I see a new trend emergin as well, a huge proportion of papers on coding agents revolve around clever prompting strategies and decomposing problems into flows that might help the agent. But isn’t that just what all of us do anyway? You sketch a high-level plan before solving anything. It reminds me of a few years ago when ML use exploded and thousands of papers emerged where people applied standard ML techniques to a new domain, and master’s theses consisted of doing a giant grid search. Mine was the same, by the way ;)
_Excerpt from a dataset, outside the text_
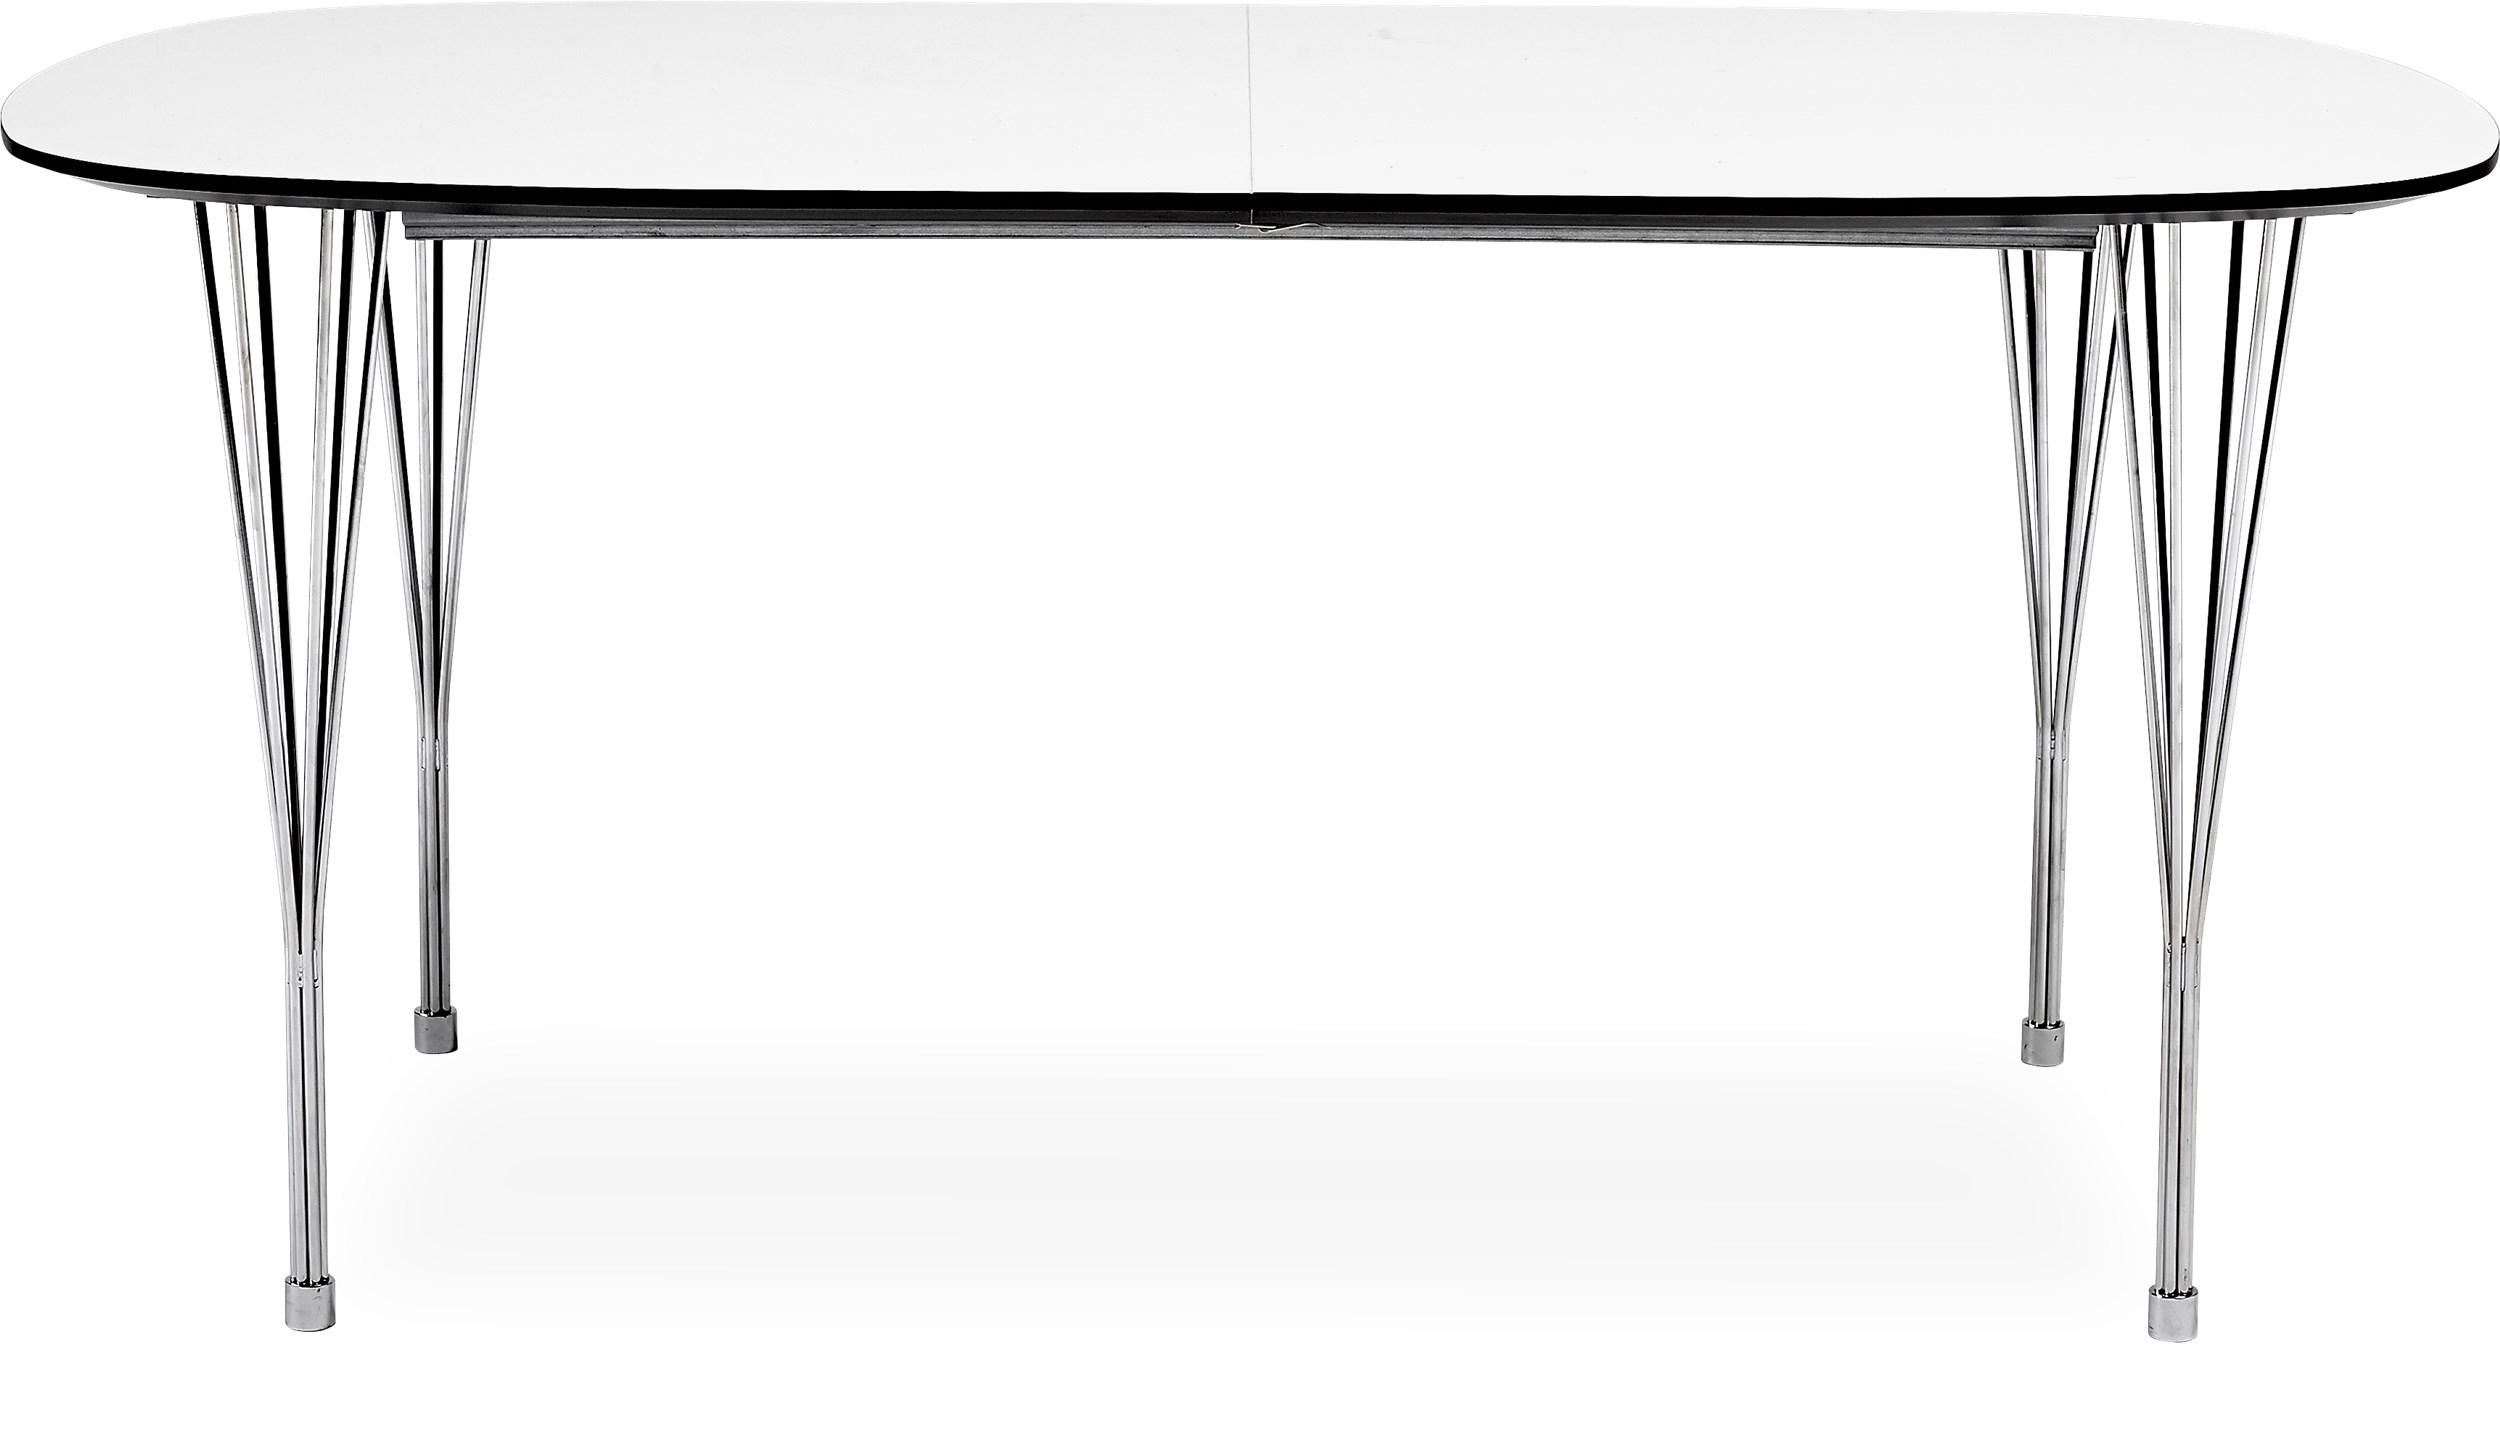 Prado 160 x 100 x 75 cm Spisebord

A cute piece of work was Paper2Code which talks about the forever needed task of generating code from research papers to replicate their studies or buidl them further. Something we’ve all desperately needed, so kudos to them.
IBM’s ALICE - Agentic Logic for Incident and Code bug Elimination, is another one I’m proud to see progress. It brings together multi-agent collaboration, incident analysis, and code-level reasoning to help teams diagnose complex system issues faster and more intelligently. This sits right at the intersection of AI agents, observability, and software automation—an area that’s evolving ridiculously fast.
Efficient AI
There was a lot happening on Efficient AI. The most intriguing work was from companies like Eigen AI, Pruna AI, Furiosa AI, and Qualcomm (check out their demo on disaggregated LLM serving on AI accelerators). A lot of practical solutions for energy saving, compute optimization are finally making their way into the market with an ever crunching demand for chips.
As usual Han Lab stood out with: Jet-Nemotron and radial attention—a sparse attention mechanism for long video generation. Sparse models are clearly becoming the theme again, but this time in they are expanding into and modalities as well.
Wrapping up
As always, a lot of the best parts of NeurIPS happen outside the sessions. The side conversations were rich, people comparing notes on agent evaluations, debugging LLM behaviors in the wild, trying to make sense of the rapid shifts in hardware, and the shared feeling that we’re building tools faster than we can define what “good” looks like. It’s chaotic, but in the fun way.
And yes, I left with more questions than answers, but that’s the whole point of going.